10-Week Old Kitten with Lump on Neck

“I just noticed a lump on June’s neck on the left side below her chin.  Last night, it was bigger and she was sleepy and didn’t want to eat dinner.   Today the bump is smaller and she looks brighter, but she can’t meow anymore,” said June the Kitten’s worried mom.  “What is going on?”

Black, green-eyed short haired kitten looks worried at the camera!

"Are you going to help me, doctor?"

June was a ten-week-old female black short-haired kitten with green eyes and a lump on her neck underneath the left side of her chin.  A small, ragged 1 cm (1/2 inch) hole in the center of the lumpy area looked red and raw.

The Initial Diagnostics…

“First, we’re going to shave over the area to remove the fur, clean the wound, and get a good look at the problem,” said Doc Truli.

June sat still for her shaving and cleaning.  When the nurses finished with her, she looked a little bit unpretty!

A centimeter rent in the skin on the neck over the firm swelling of the muscles where an infection was brewing.

The red arrow points to the epicenter of an abscess from the night before.

“Has June ever gone outside?”

“No.”

“Do you have other pets she could have fought or played rough with?”

“No.”

Hmmm….

Okay, VirtuaVet admits, sometimes we’ll just never know what happened!

Further Diagnostics for a Suspicious Neck Bump

“I’m very suspicious in your situation that June may have swallowed something she ought not to have, we should take throat x-rays and do a complete blood count, looking at the proportions and types of immune cells in her blood,” said Doc Truli.

The complete blood count (“CBC”) showed an elevated white blood cell count.

White blood cells are immune system cells that fight infection and travel to the areas of injury or disease and try to clean up the problem.  It’s normal for white blood cells, like neutrophils, to travel to the site of skin infection and kamikaze themselves by rupturing open and pouring their toxic cell contents all over the invading bacteria.  The neutrophils little microscopic dead bodies make up pus.  Yep, that’s what pus actually is! (If you go to med school you learn all sorts of cool stuff…)

A swollen area around this kittens voice box with no signs of a foreign object to cause the swelling

Red arrow=swelling.
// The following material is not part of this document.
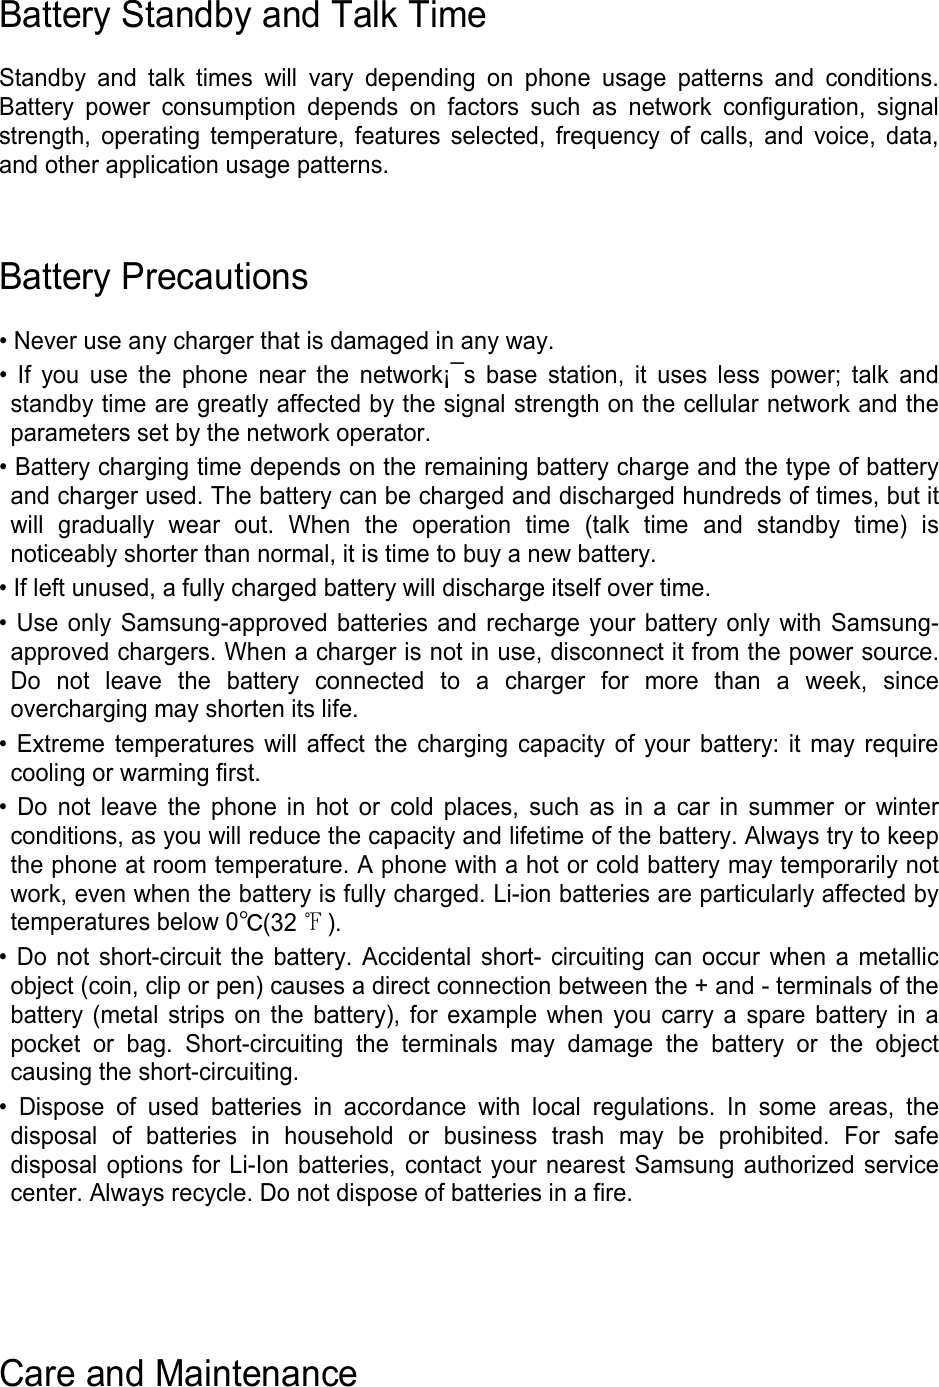 Battery Standby and Talk Time  Standby and talk times will vary depending on phone usage patterns and conditions. Battery power consumption depends on factors such as network configuration, signal strength, operating temperature, features selected, frequency of calls, and voice, data, and other application usage patterns.     Battery Precautions  • Never use any charger that is damaged in any way. • If you use the phone near the network¡¯s base station, it uses less power; talk and standby time are greatly affected by the signal strength on the cellular network and the parameters set by the network operator. • Battery charging time depends on the remaining battery charge and the type of battery and charger used. The battery can be charged and discharged hundreds of times, but it will gradually wear out. When the operation time (talk time and standby time) is noticeably shorter than normal, it is time to buy a new battery. • If left unused, a fully charged battery will discharge itself over time. • Use only Samsung-approved batteries and recharge your battery only with Samsung-approved chargers. When a charger is not in use, disconnect it from the power source. Do not leave the battery connected to a charger for more than a week, since overcharging may shorten its life. • Extreme temperatures will affect the charging capacity of your battery: it may require cooling or warming first. • Do not leave the phone in hot or cold places, such as in a car in summer or winter conditions, as you will reduce the capacity and lifetime of the battery. Always try to keep the phone at room temperature. A phone with a hot or cold battery may temporarily not work, even when the battery is fully charged. Li-ion batteries are particularly affected by temperatures below 0℃(32 ℉). • Do not short-circuit the battery. Accidental short- circuiting can occur when a metallic object (coin, clip or pen) causes a direct connection between the + and - terminals of the battery (metal strips on the battery), for example when you carry a spare battery in a pocket or bag. Short-circuiting the terminals may damage the battery or the object causing the short-circuiting. • Dispose of used batteries in accordance with local regulations. In some areas, the disposal of batteries in household or business trash may be prohibited. For safe disposal options for Li-Ion batteries, contact your nearest Samsung authorized service center. Always recycle. Do not dispose of batteries in a fire.     Care and Maintenance

Blue arrow=trachea airway open and ready for breathing!

A radiograph (“X-Ray”) showed a swollen area (red arrow) under the skin just at the level of the voice box (“larynx”).  The black arrow in the accompanying picture points to the airway, also called the trachea (pronounced tray key ah in the US and tra kee uh in countries influenced by HRH-you know who you are!).  June’s little kitten airway was fine, she could breath perfectly well.

A feline leukemia virus test turned up negative for the virus.  While kittens can have a false negative test result for 30-60 days after infection, it’s a good sign that June should be able to fight off the infection.

Treatment

Some wound cleaning, antibiotics, topical antibiotics, and instructions for a very light neck bandage to be replaced by mum every -oh, perhaps 10 minutes, whenever June decided to scratch it off, and this little kitten’s going to be just fine!

P.S. If the hole left by the exploding pus from the abscess had been greater than 1-2 cm across, then surgery to close the hole and bring the skin edges together would probably have been a better idea than leaving the wound to heal on its own!